Hailing from Okemah, Oklahoma, and as one of the first recipients of the Blue Cross Blue Shield of Oklahoma scholarship in partnership with OYE, Katie Taylor is now giving back by completing her Doctor of Physical Therapy degree at The University of Oklahoma Medical Center in Oklahoma City.

“I’ve always been committed to caring for whatever I’m caring for with the utmost dedication.” Katie said. Katie’s love for care was prompted when she started showing pigs at the age of 7.

“Showing 4-H and FFA has taught me about leadership, about working with a team and also time management,” she said.

Katie’s first experience at OYE was when she was in fifth grade when she had to fill in for her older sister, who had two spot barrows in the same class.

“It was such a big show,” Katie said, “But it was really exciting.” The next time Katie returned to the OYE ring, she was in the seventh grade and was a more seasoned showman.

“I was getting more serious with my show career,” Katie said. “I had been attending more jackpots, and naturally I’d want to attend the Oklahoma Youth Expo, being such a huge show.”

Katie continued showing pigs at OYE until her high school graduation.
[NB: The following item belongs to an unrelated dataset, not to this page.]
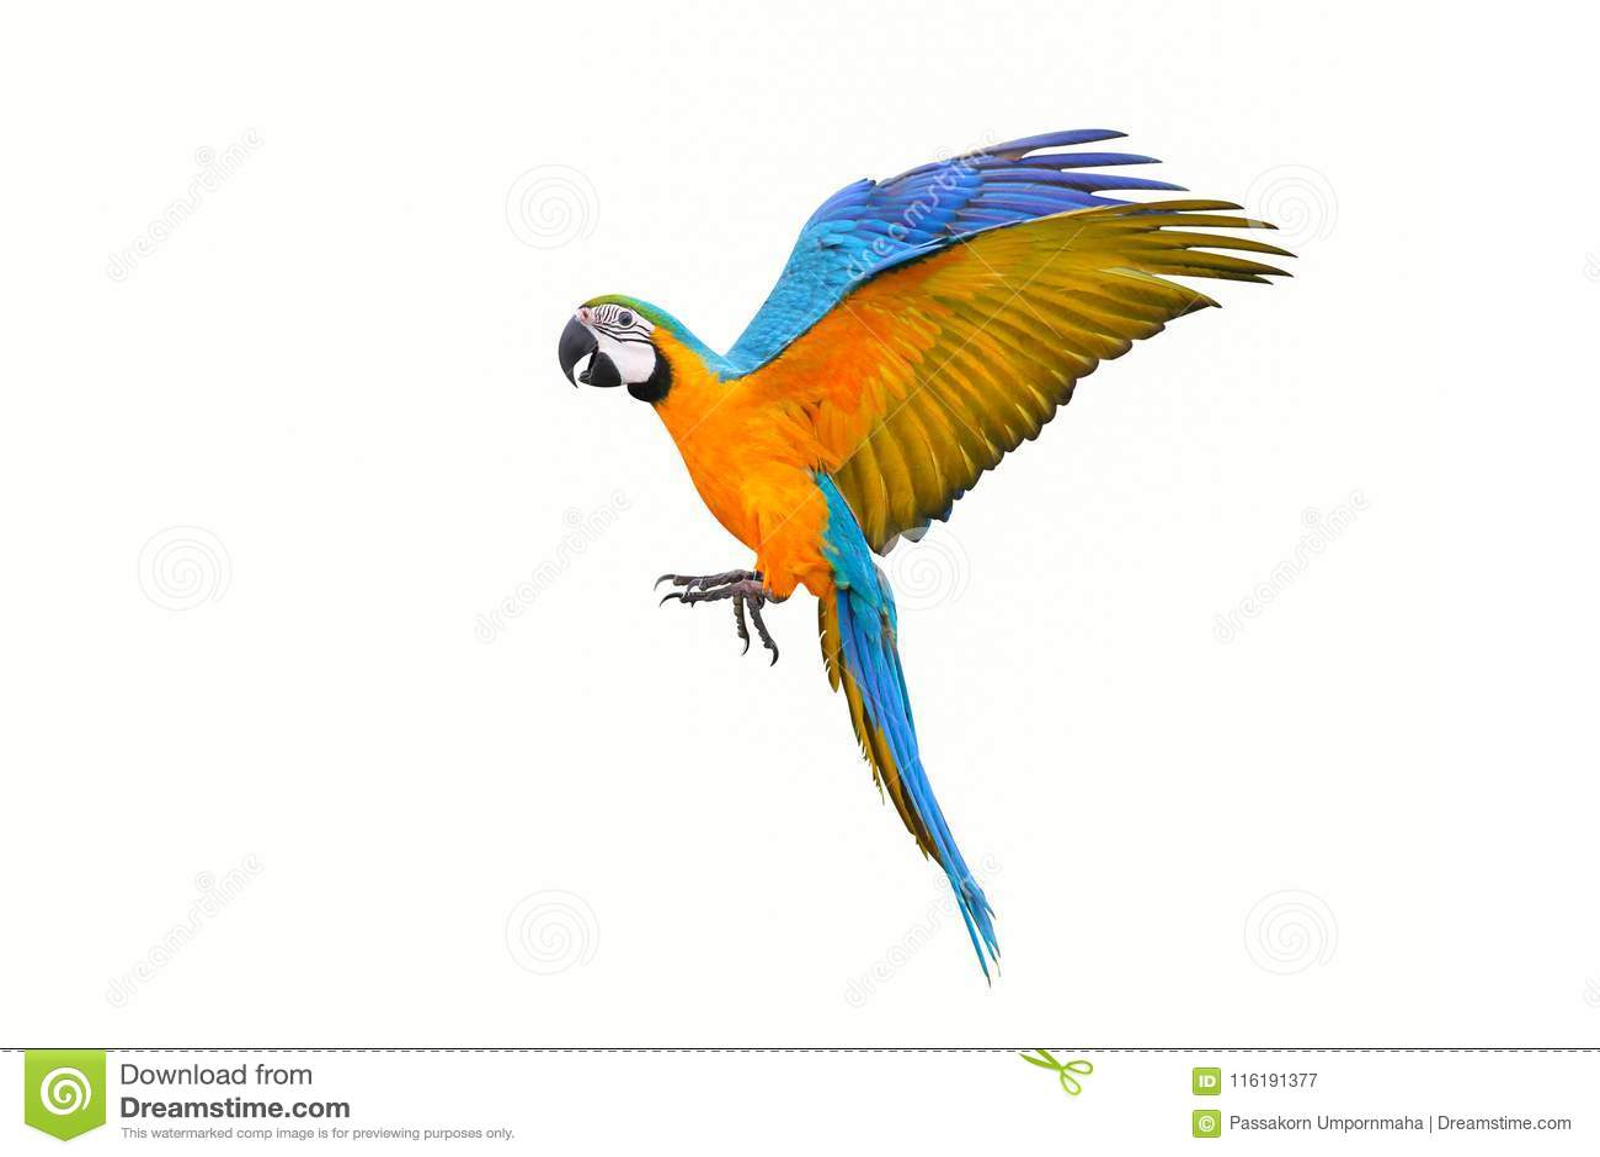 Papagaio colorido do voo isolado no branco

Aside from competitively showing livestock, Katie was involved with her local 4-H and FFA chapter. “It’s taught me a lot about communication,” Katie said.
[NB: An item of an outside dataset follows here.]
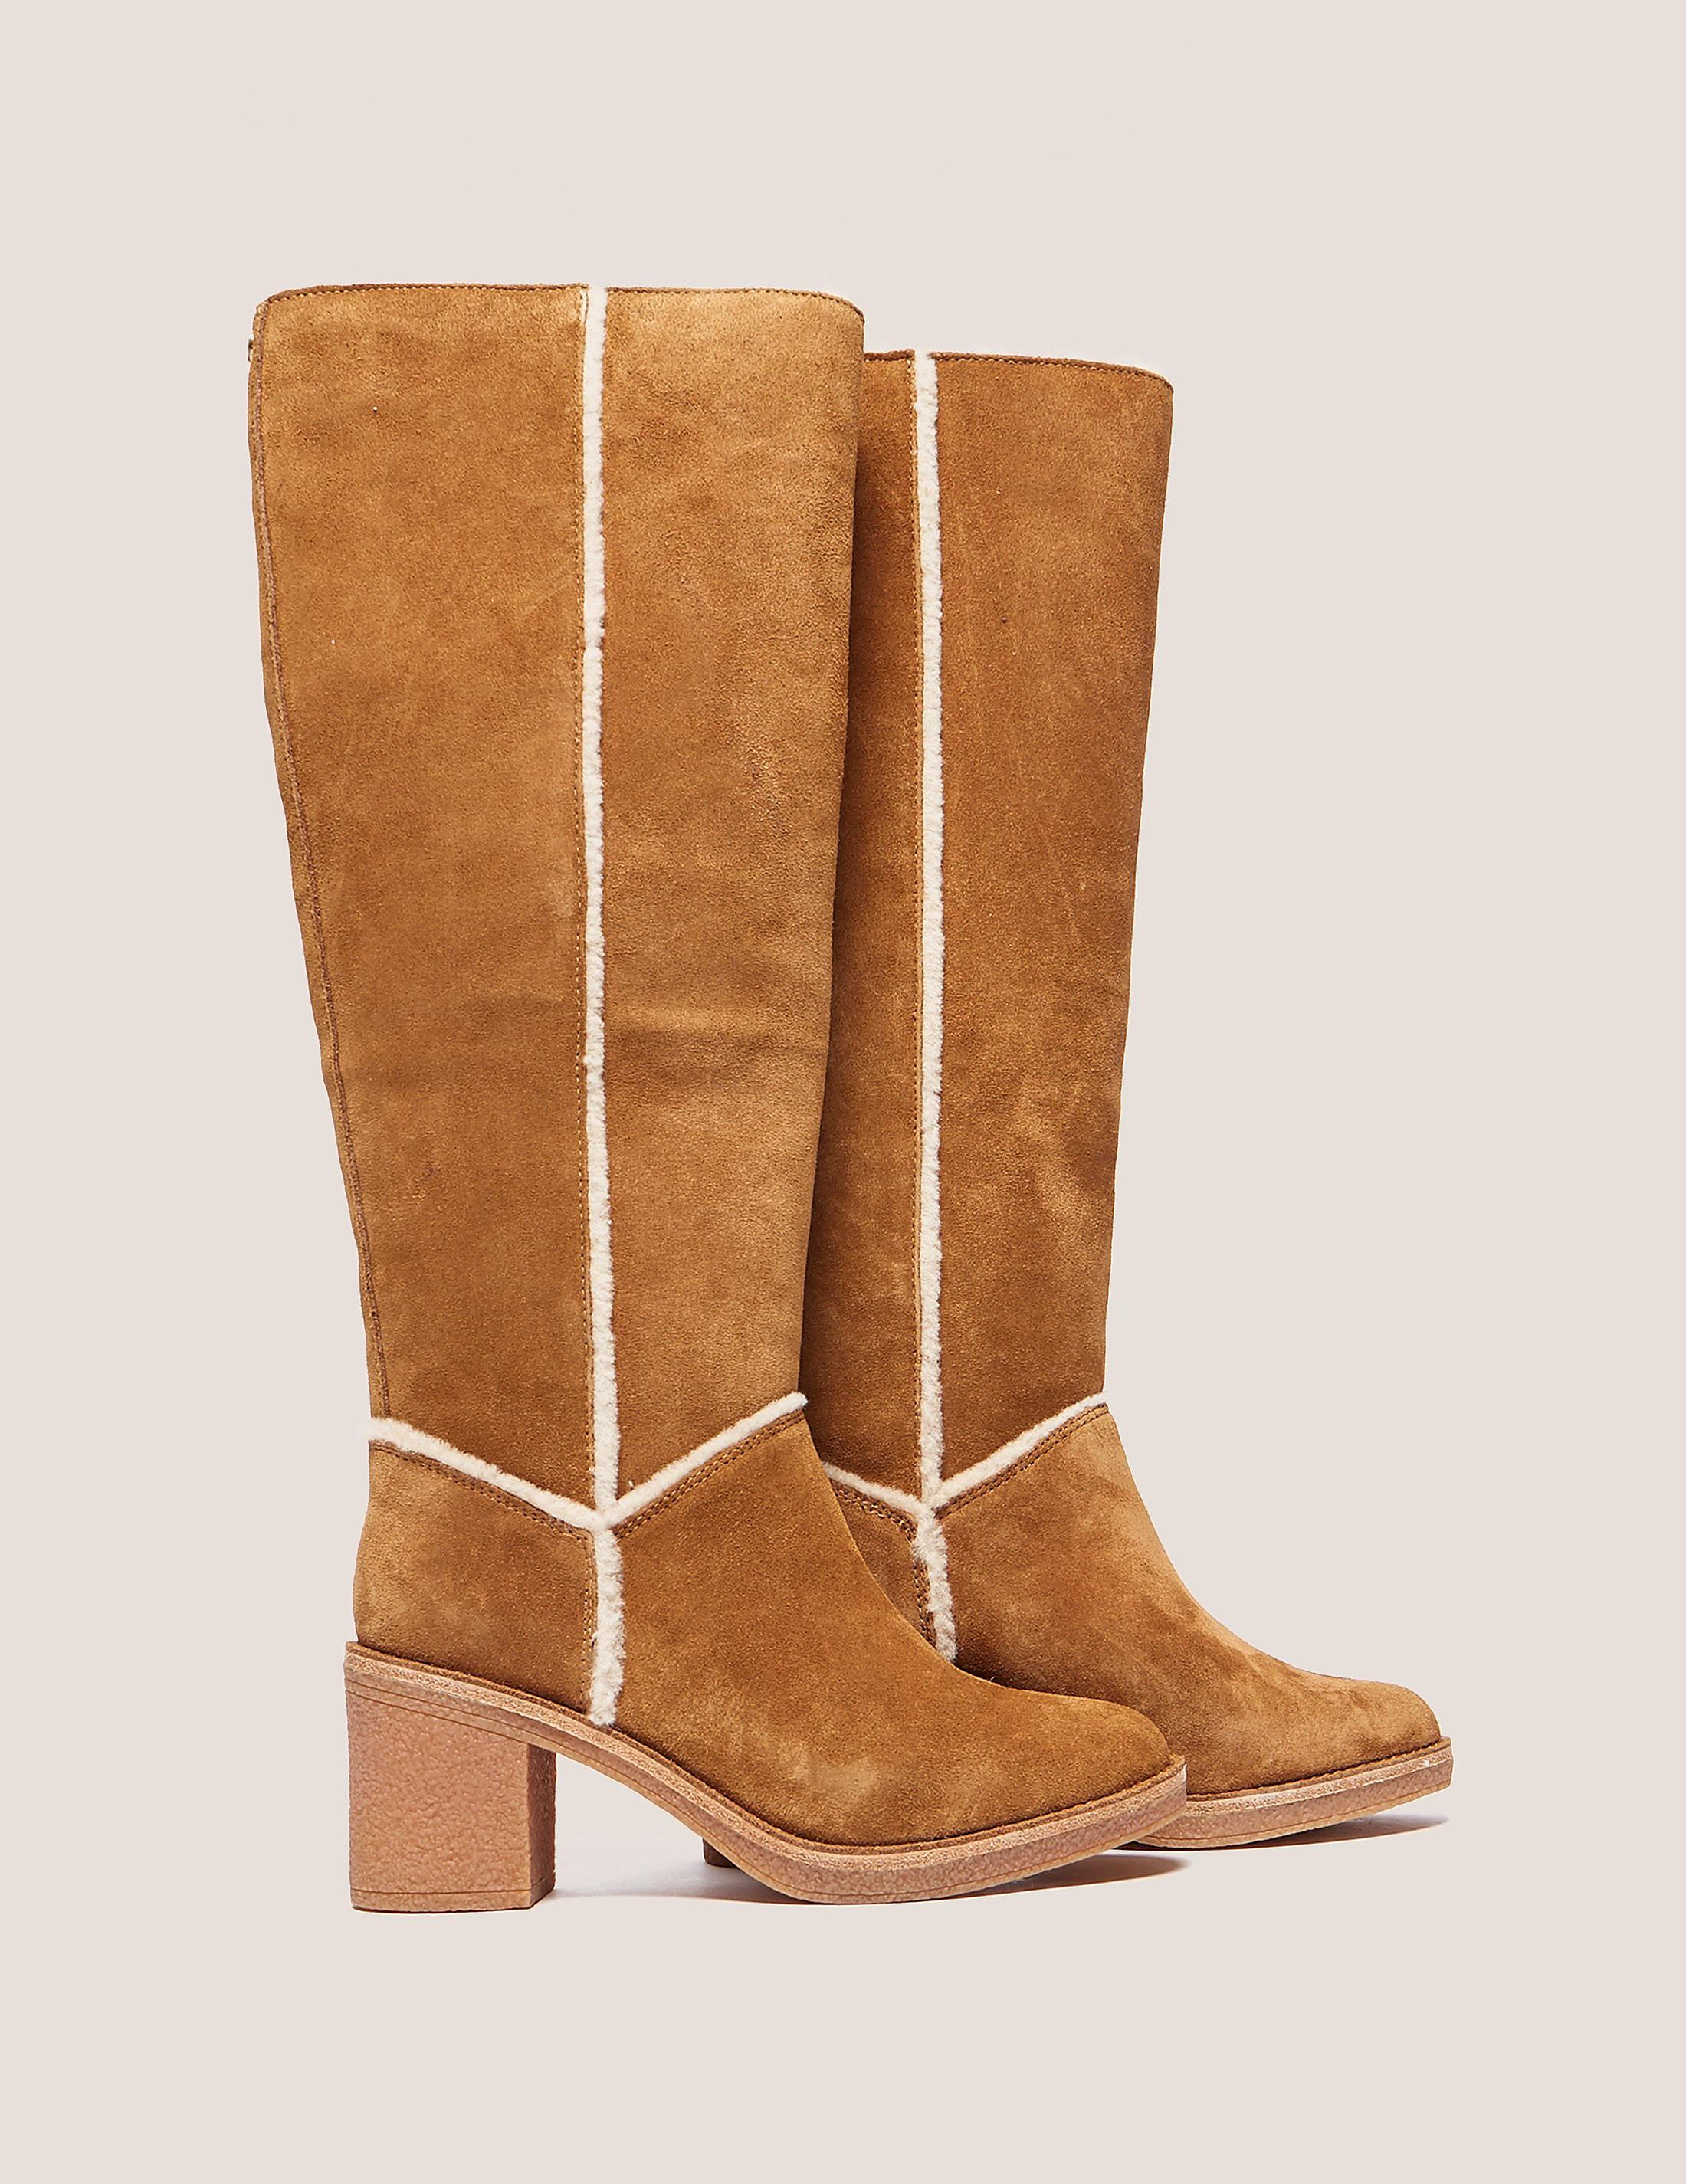 UGG Kasen Tall Boots - Online Exclusive

She said this was especially beneficial to help prepare her for her career as a physical therapist, a role which relies on the one-onone patient to therapist communication and a good bedside manner.

Katie didn’t discover the physical therapy career option until she did research online. “What really appealed to me about physical therapy was all the one-on-one time with your patients,” she said. “You work with your patients for up to an hour session up to 3 times a week — that’s so much more time than a medical doctor.”

Katie said the collaboration of organizations such as Blue Cross and Blue Shield of Oklahoma and OYE is highly noble and with the support from her scholarship she’s able to make a difference in a rural community’s healthcare.

“It kind of meant the world to me, I was just ecstatic,” Katie said of being chosen as a scholarship recipient. “No one in my family works in the medical field, and for them to pick me out and say, ‘we believe in you’, it really meant a lot.”

After graduation, Katie plans to open up her own outpatient physical therapy clinic in rural Oklahoma.

“I think it’s highly important,” Katie said. “Because accessibility to healthcare is something that everyone needs, and unfortunately people living in rural Oklahoma or rural communities in general just don’t have that luxury.”

Katie understands the necessity because of the nearest physical therapy center to her hometown in Okemah is 30 miles away in Okmulgee.

“We have to make a rural community sustainable from a health standpoint,” Dr. Cunningham said. “We’re not just looking for doctors, we’re not just looking for nurses, we’re looking at everybody who touches a patient throughout the needs of their healthcare.”

The best advice Dr. Cunningham could give to any student is the advice that his grandfather gave him, “Never set your goals too low, because you might just get each and every one of them.”